Aku terdiam, ternyata sudah lama mas Afie menunggu.
"Tadi barang yang aku cari gak ada di minimarket simpang mas, jadi aku harus mencari di pasar yang letaknya lebih jauh"
"Kenapa sebelumnya gak pamit? Kamu biasanya selalu pamit"
"Aku lupa mas" aku malas mencari-cari alasan. Lupa alasan tercepat yang aku dapatkan.
"Lupa? Kamu benar-benar lupa atau kamu sudah tidak menghargai suamimu, sehingga kamu tidak memerlukan izin suamimu lagi untuk keluar dari rumah" mas Afie mulai meluapkan amarahnya.

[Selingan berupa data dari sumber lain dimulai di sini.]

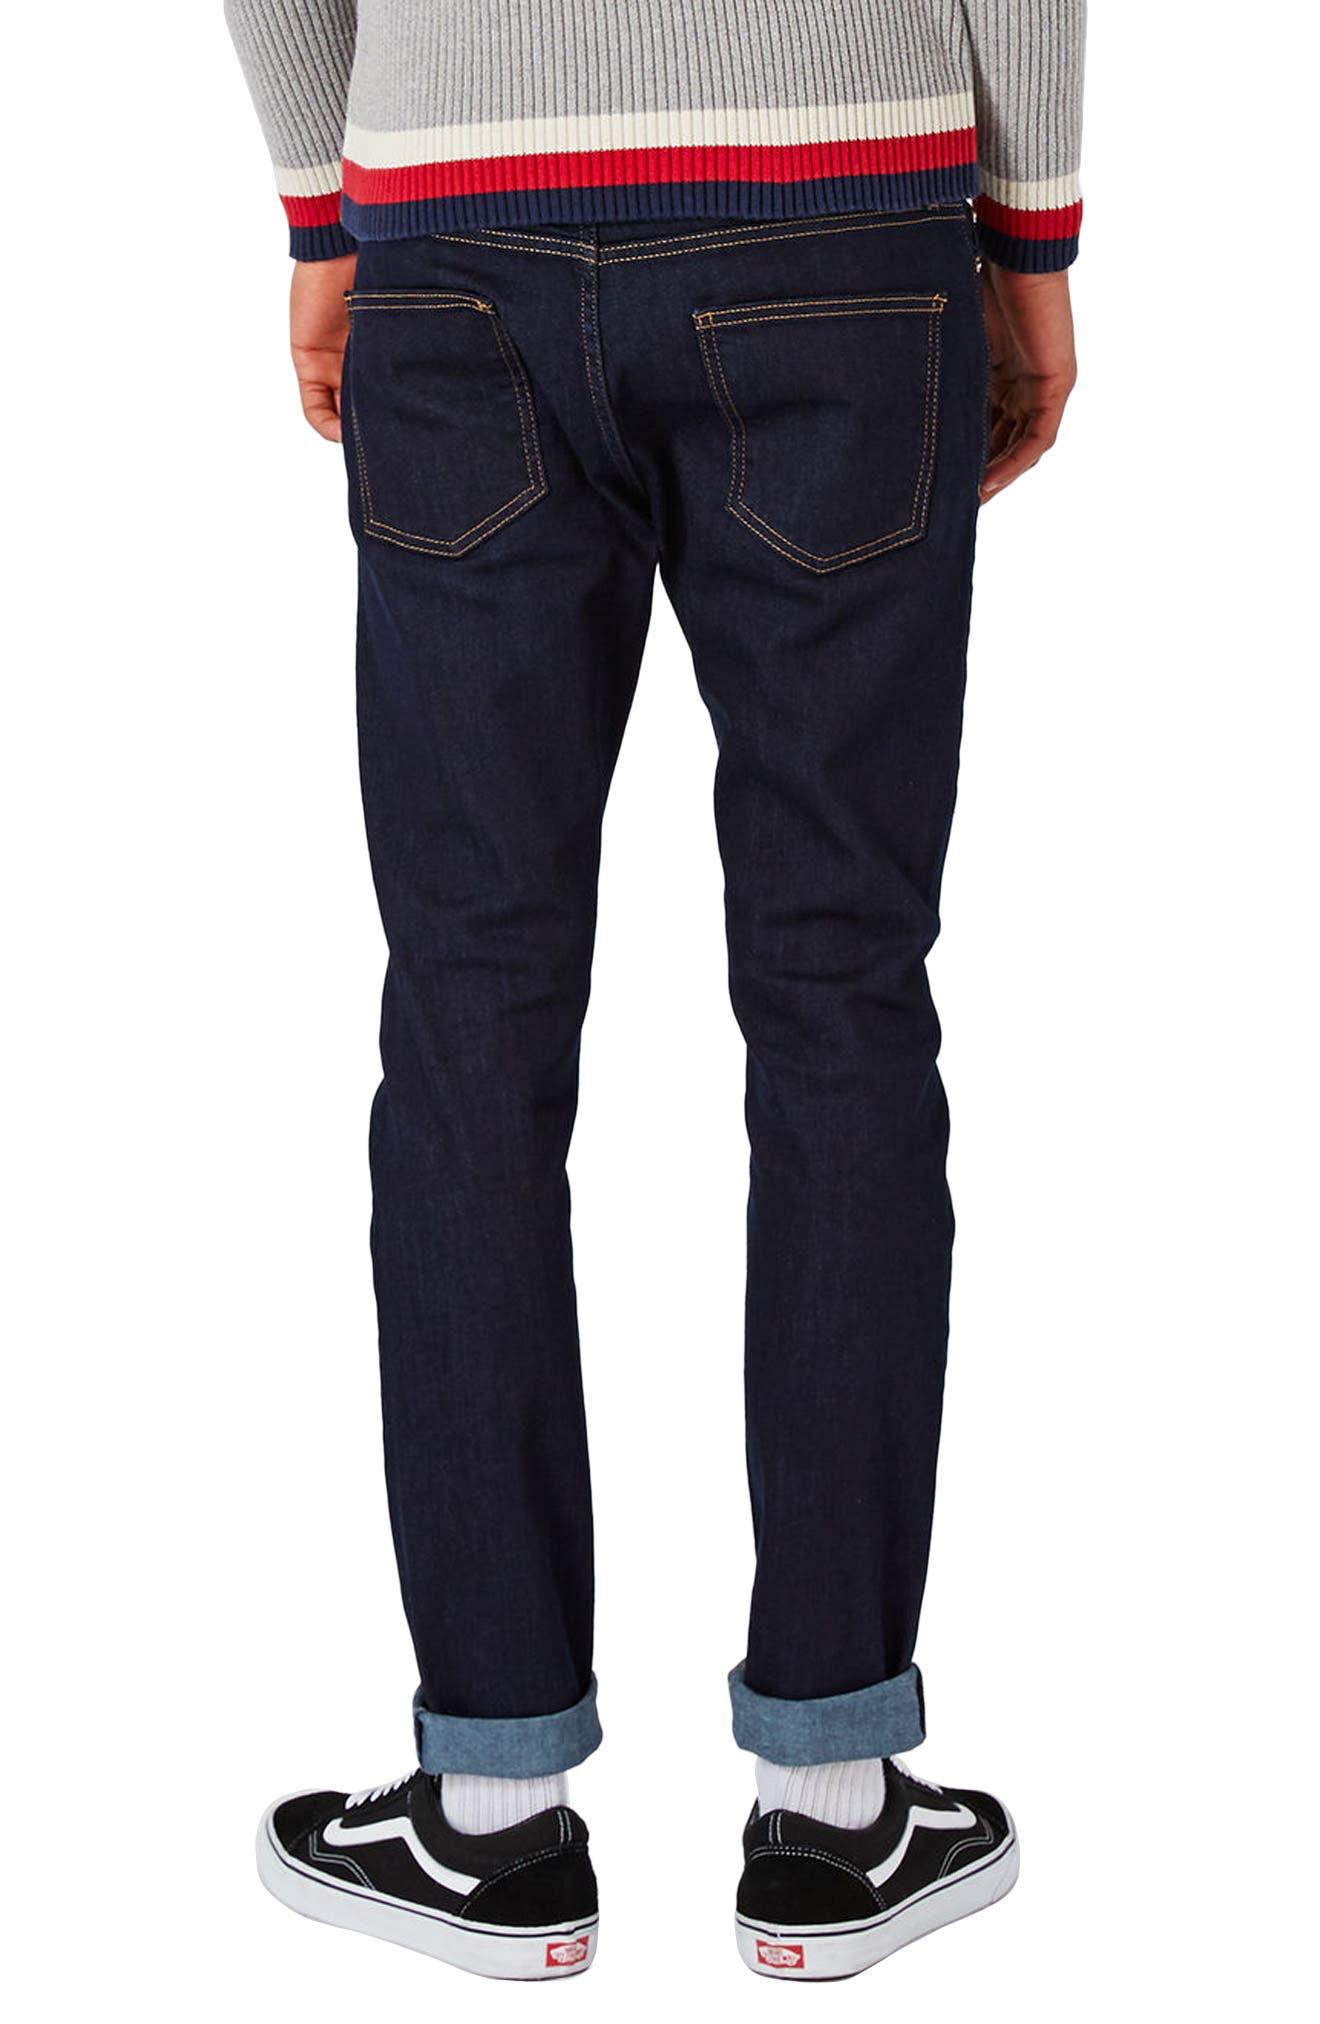 TOPMAN, Stretch Skinny Fit Raw Denim Jeans, Alternate thumbnail 2, color, BLUE

"Kamu kenapa mas, aku masih manusia, belum berubah jadi j*Lang, wajar aku lupa. Masalah begini saja membuatmu marah. Terus terang saja mas, yang membuatmu marah bukan aku keluar kan, tapi karena aku tidak mau kau madu iya kan" aku membalas ucapan keras suamiku. Jangan berharap kamu diam dan menuruti semua maumu mas.

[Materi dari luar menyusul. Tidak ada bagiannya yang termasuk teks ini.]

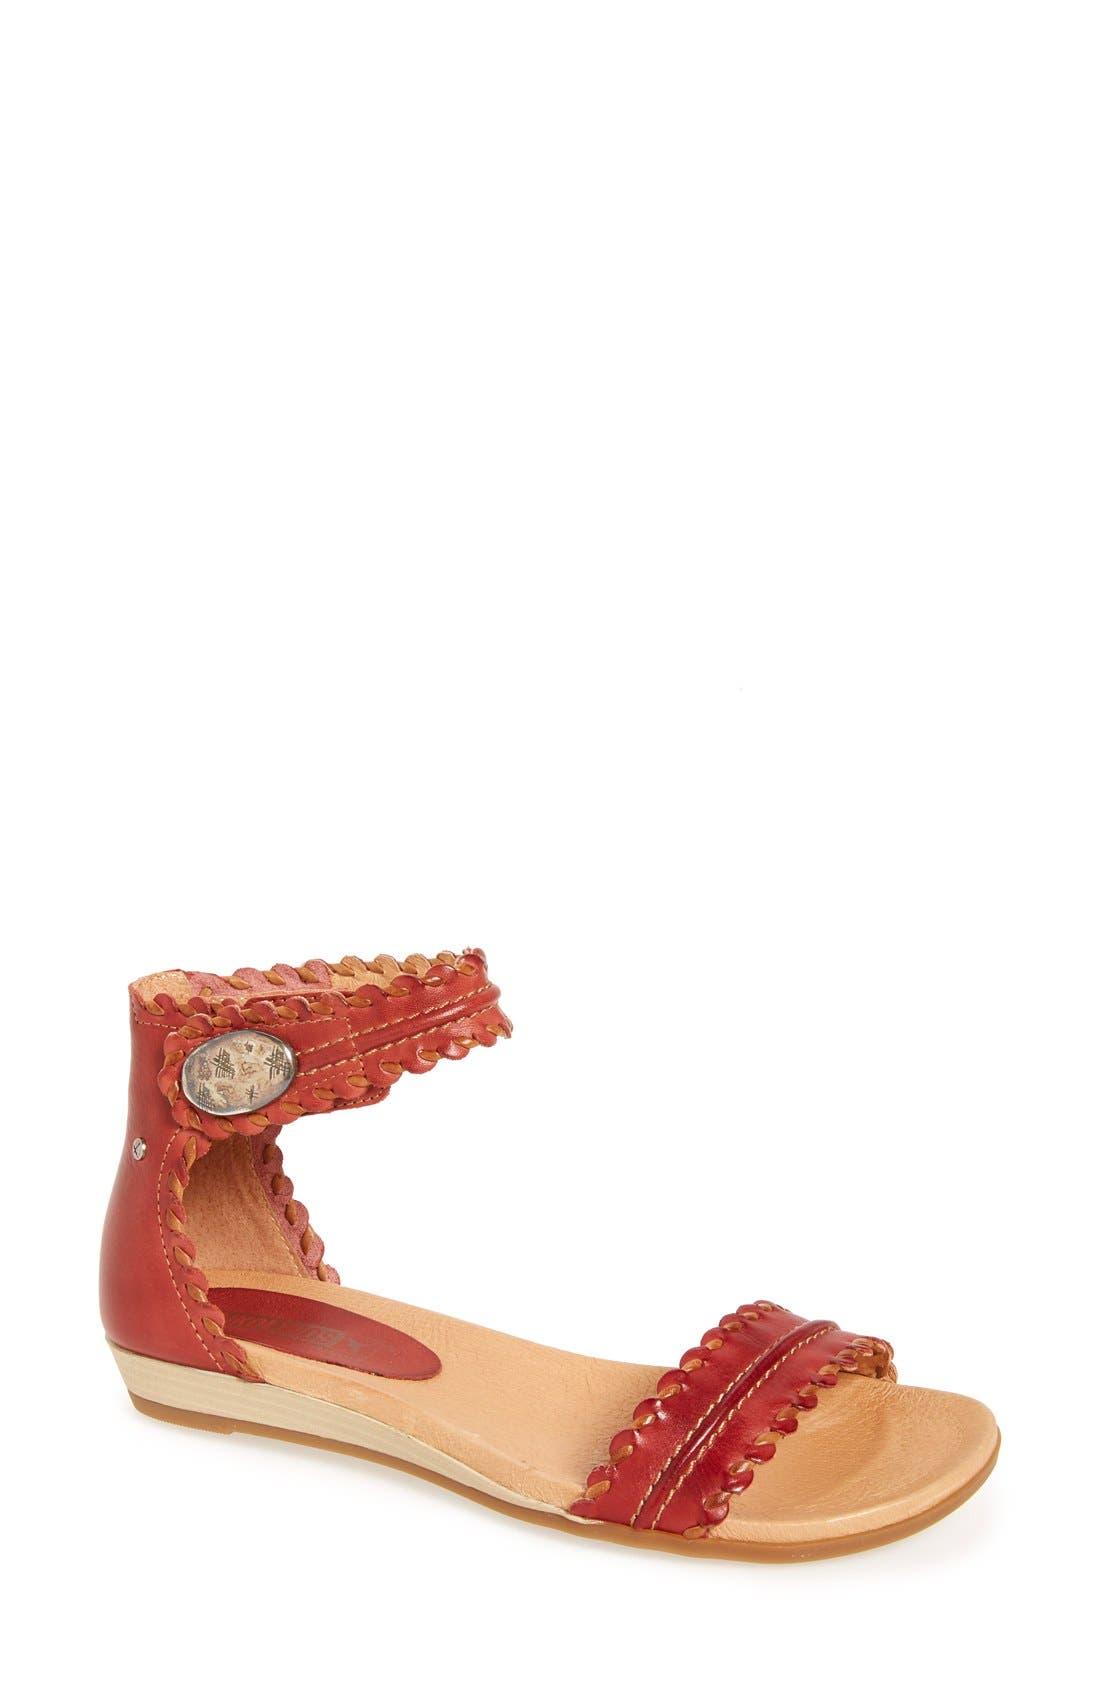 Alternate Image 1 Selected - PIKOLINOS 'Alcudia' Ankle Strap Sandal (Women)

"Dek, mas cuma ngingetin kamu, kamu masih istri mas, hargai mas, suamimu"
"Jangan tuntut aku untuk menghargaimu mas, aku sudah cukup sabar menghadapi tingkahmu" jawabku cepat.
"Apa maksud..."
"Jangan pura-pura tidak tau mas, jangan mengharap aku masih Line yang dulu, sedang aku tak melihat mas Afie yang dulu. Belajarlah untuk menerima atas apa yang sudah kamu perbuat" aku beranjak menuju kamar. Malas meladeni ucapan mas Afie. Ia menjadi lebih sering marah sekarang, masalah kecil saja membuatnya naik darah. Membuatku menjadi semakin ingin membuat masalah saja.